## EXERCISE
Beginning with the line that contains "Gerald Hines, Barbara", restate each line below through the final one exactly, and exclude the pictures.

## SOURCE MATERIAL
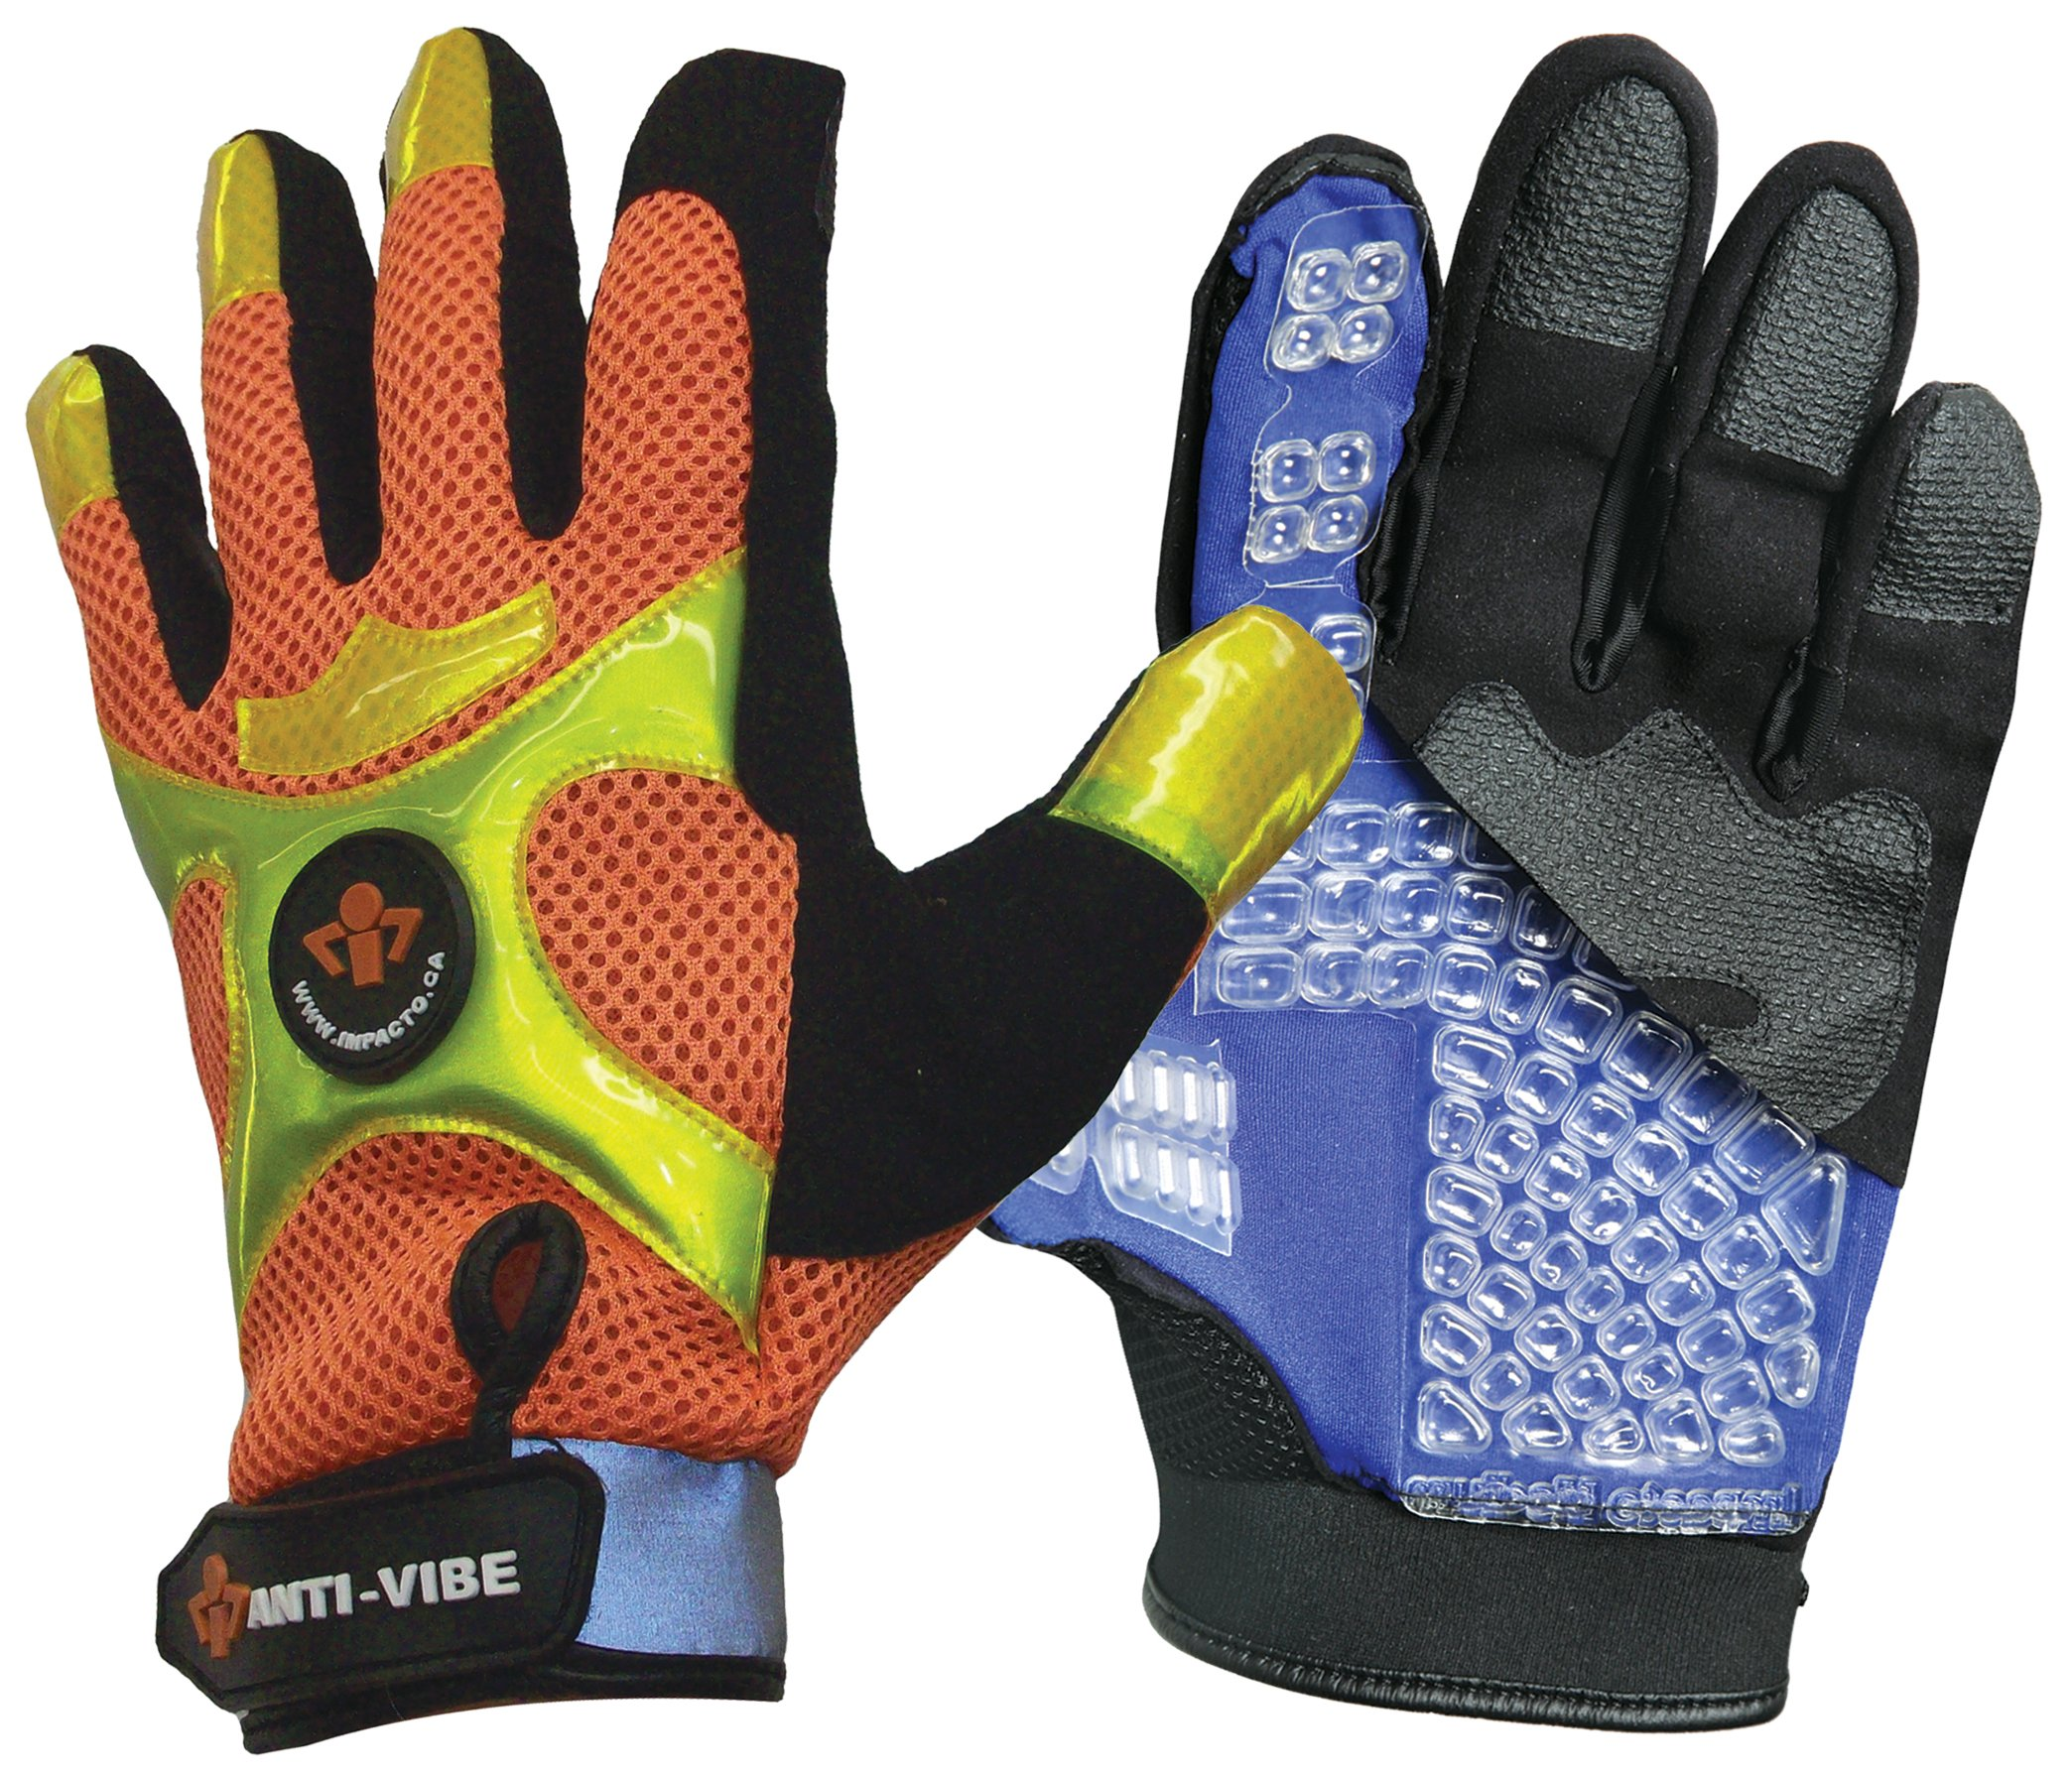 Impacto BGHIVIS40 Anti-Vibration High Visibility Mechanic's Air Glove, Orange/Black
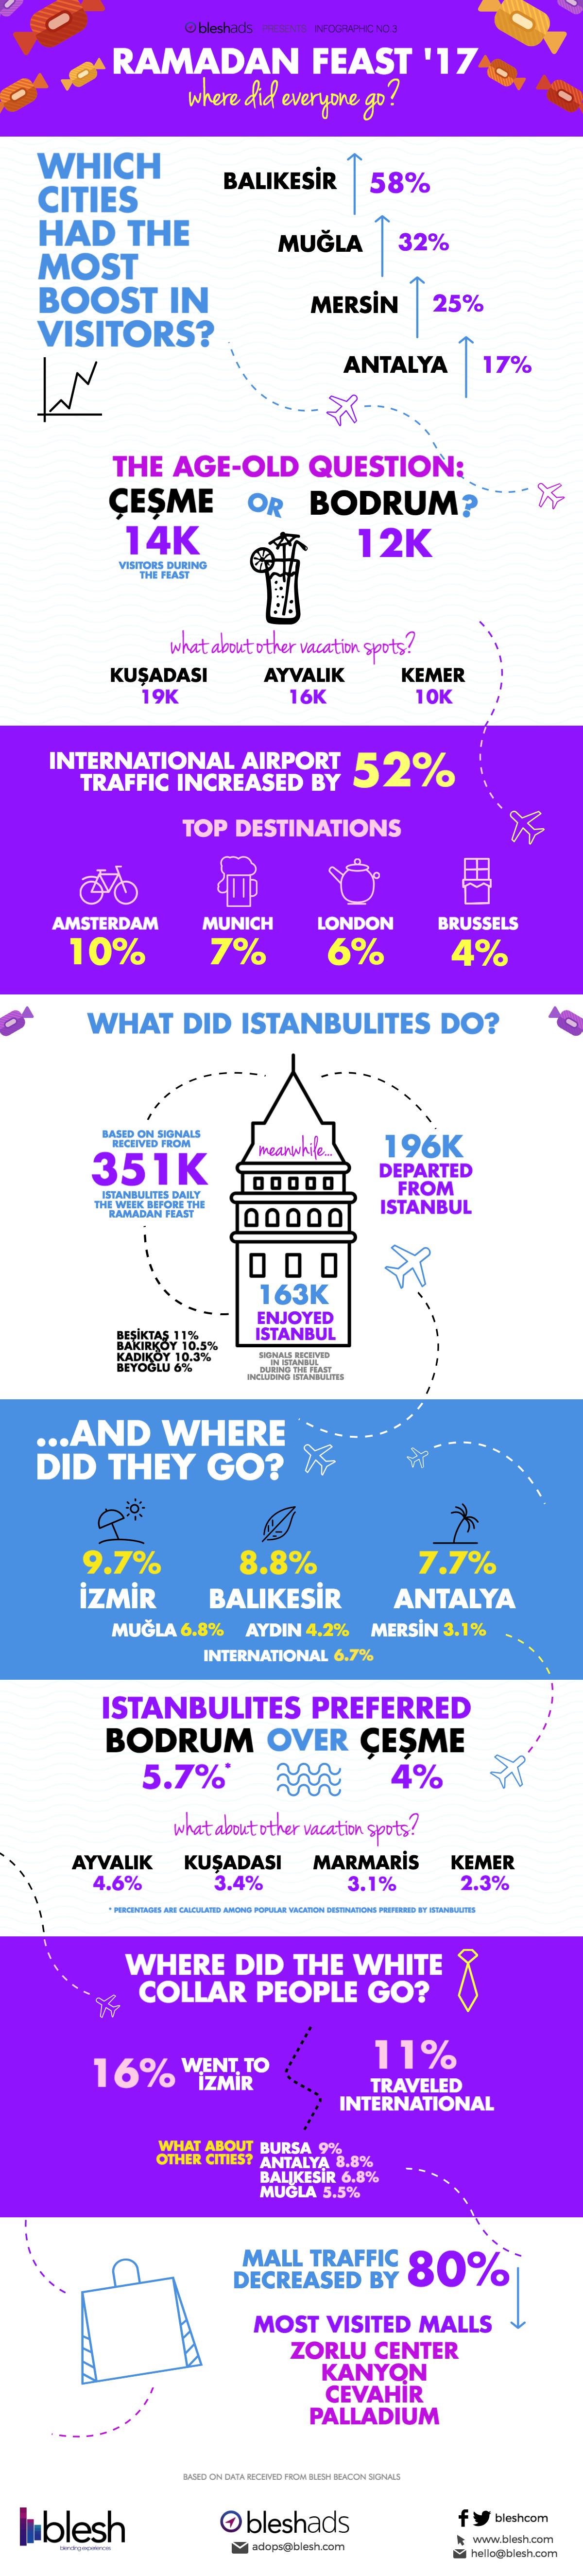 ramadan-feast-infographic
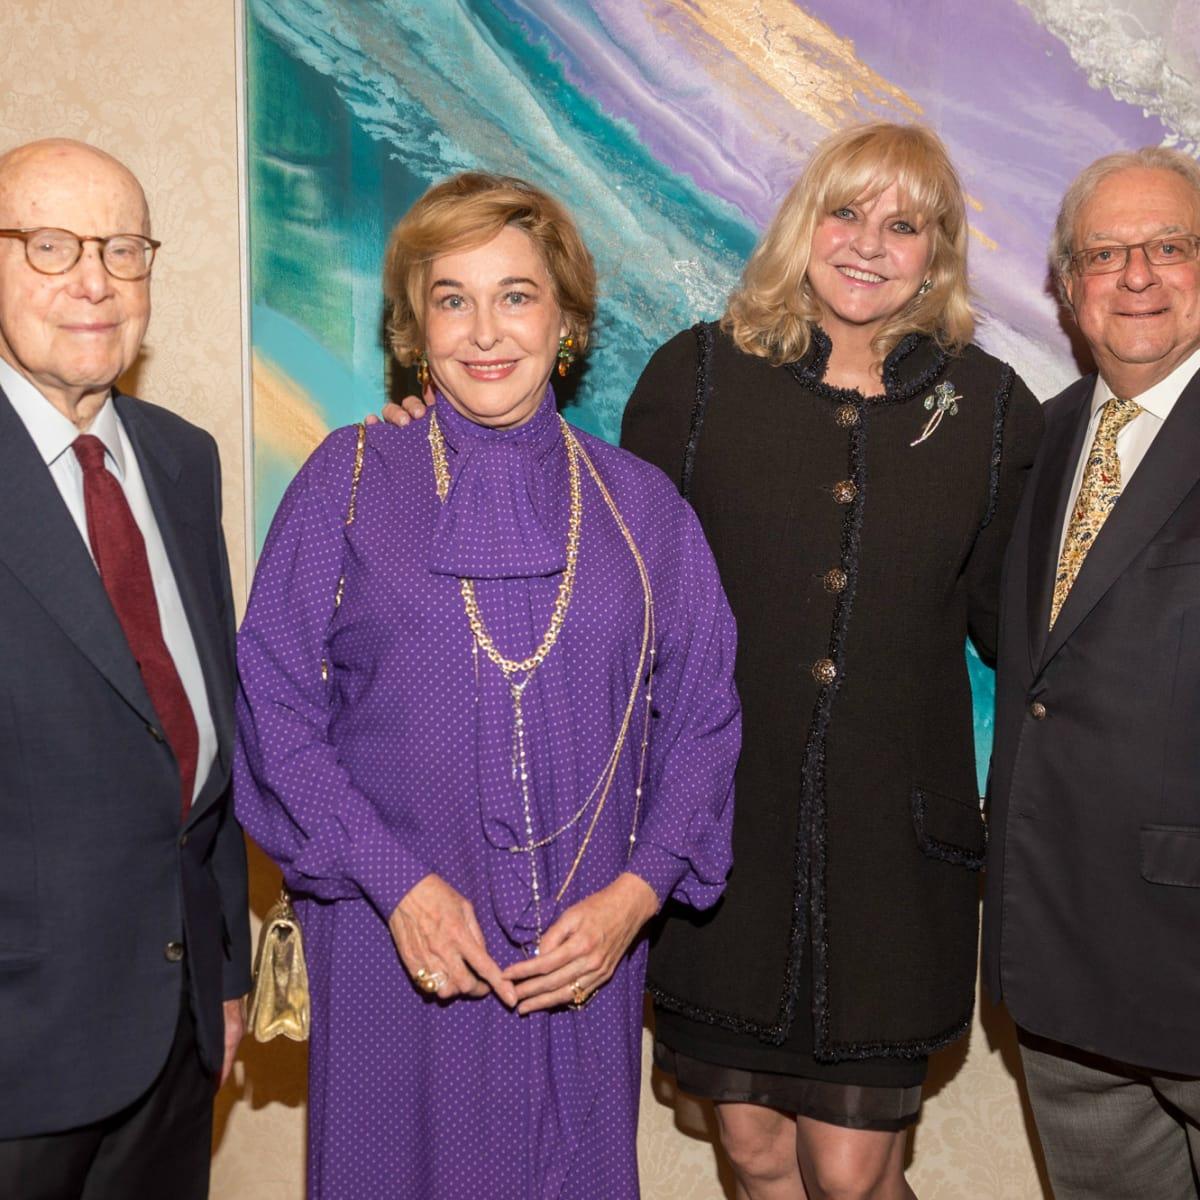 Gerald Hines, Barbara Hines, Becky ZImmerman, Steve Zimmerman
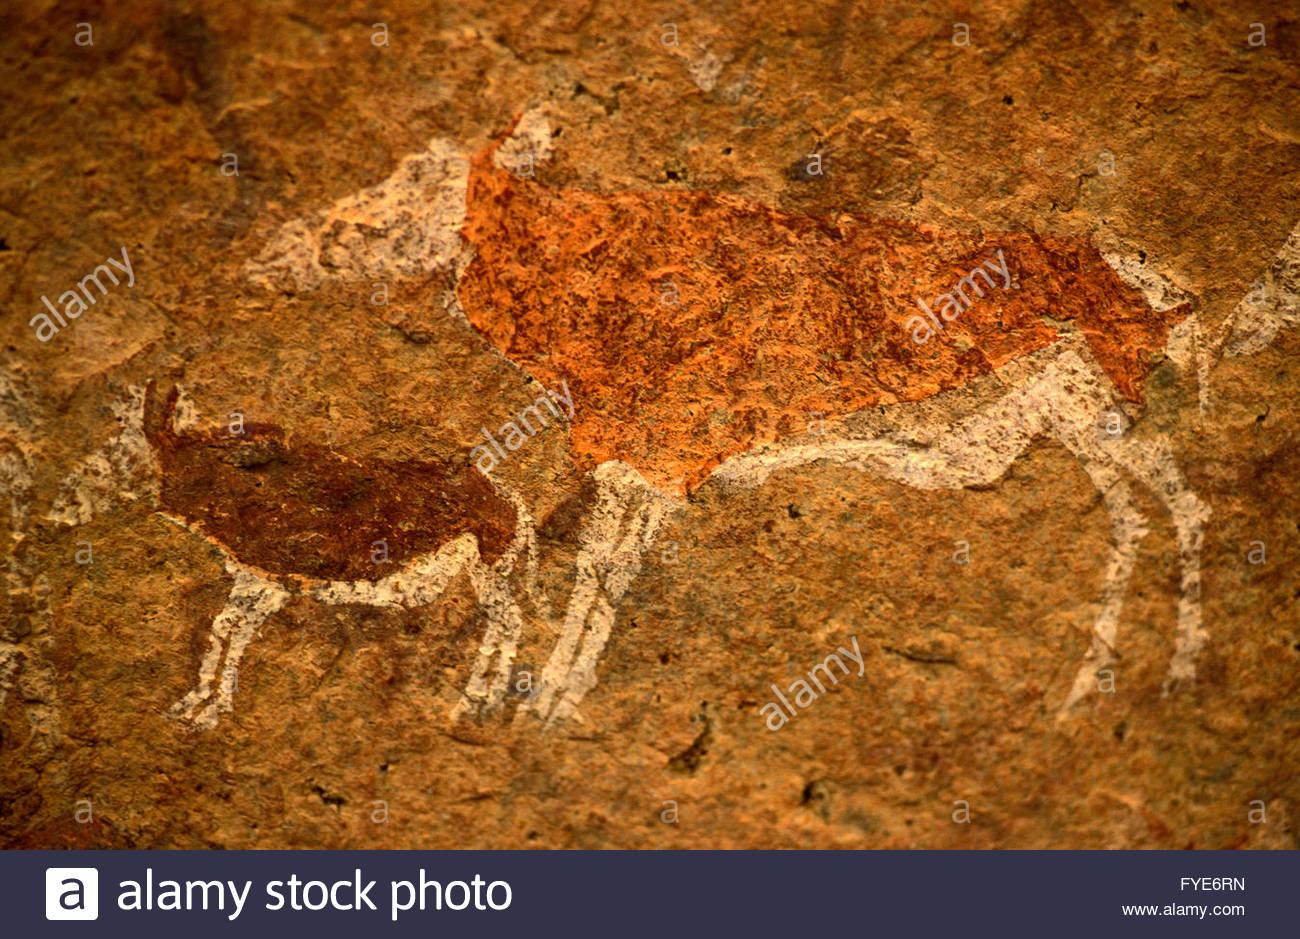 A Bushman (San) rock carving Brandberg Mountains Namibia - Stock Image

## TASK SOLUTION
 Gerald Hines, Barbara Hines, Becky ZImmerman, Steve Zimmerman
 A Bushman (San) rock carving Brandberg Mountains Namibia - Stock Image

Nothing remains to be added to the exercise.